Research on how aesthetic objects instigate socio-political change receives prestigious ERC grant
The artist and researcher Tintin Wulia secures 1.5 million Euro to reveal how aesthetic objects instigate socio-political change. The grant, which is awarded by the European Research Fund, ERC, is one of the largest and most prestigious an early-career researcher can receive.
About Tintin Wulia
Tintin Wulia is an internationally practising artist and researcher who joined the University of Gothenburg in 2018, with a Postdoctoral Fellowship in design, craft and society with a focus on migration. Wulia's practice-based research pivots on the complexities of borders.
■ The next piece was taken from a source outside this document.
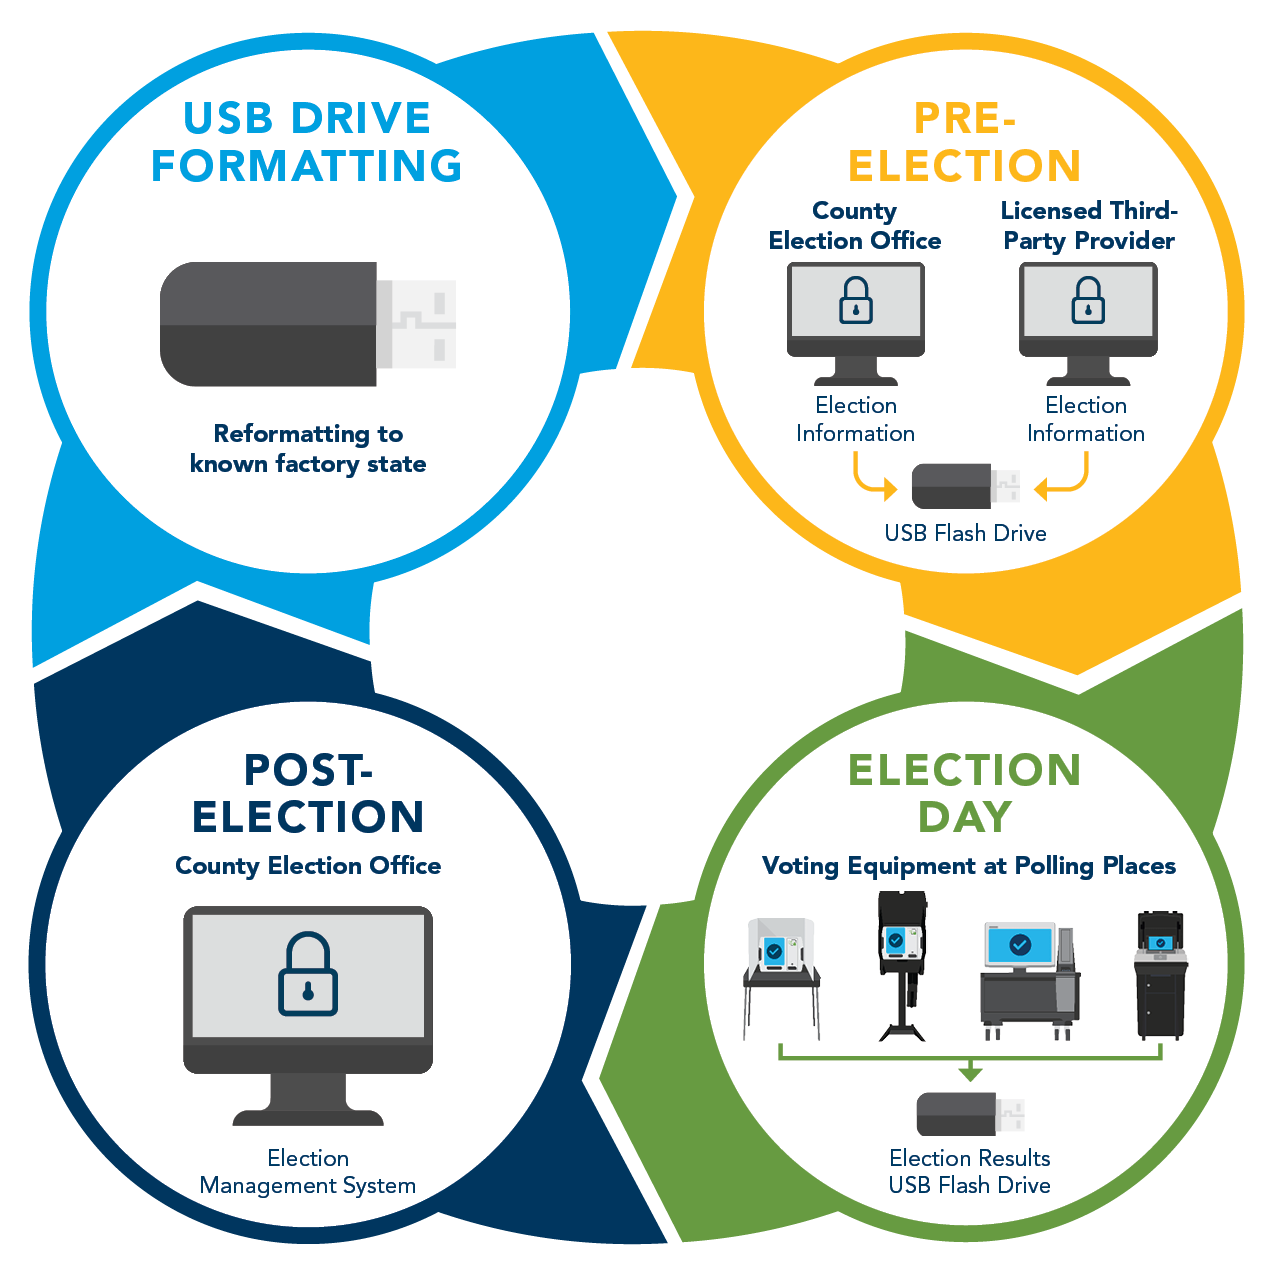 信息图表显示USB驱动器的循环，从格式化到选举准备，选举日，选举日，选举晚上，并返回格式化
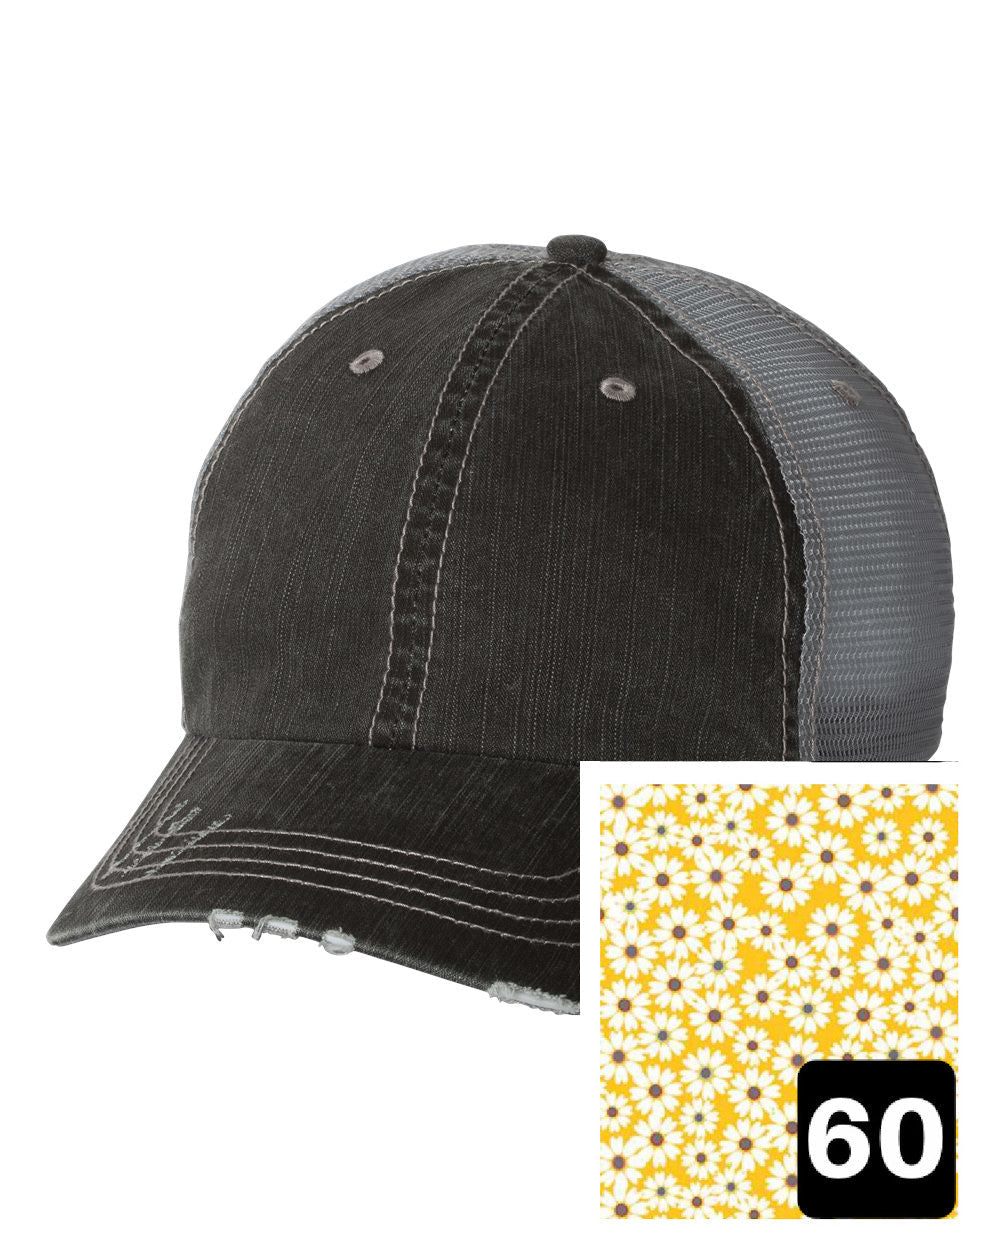 Oklahoma Hat | Gray Distressed Trucker Cap | Many Fabric Choices

She currently works as Research Project Leader at the university’s department HDK-Valand – Academy of Art and Design.
Her project, Protocols of Killings (funded by Swedish Research Council) probes the connection between violence, distance, and accountability by linking the protocols surrounding the Indonesian 1965-66 massacres – as a form of hyperdistant killings – with those of drone warfare’s technologies of the future.
ERC Starting Grants
ERC, European Research Council, was started by the EU in 2007 and is one of the largest research funders in Europe. Thousands of newly appointed researchers within all subject areas and from all over the world apply for their Starting Grants every year. Of these, just over ten percent get their application approved: the best early-career researchers in the world. Therefore, the grant - in addition to being unusually large and thus enable research in a significant scale - is also very prestigious.
ERC Starting Grant is aimed at new researchers, two to seven years after completing a doctoral degree. Grant amount is up to EUR 1.5 million for a maximum period of five years, with the possibility of an additional EUR 1 million for special costs. The grant is part of the EU's research and innovation program, Horizon Europe.
This is the first time that a researcher at the Faculty of Fine, Applied and Performing Arts, at the University of Gothenburg, receives the grant.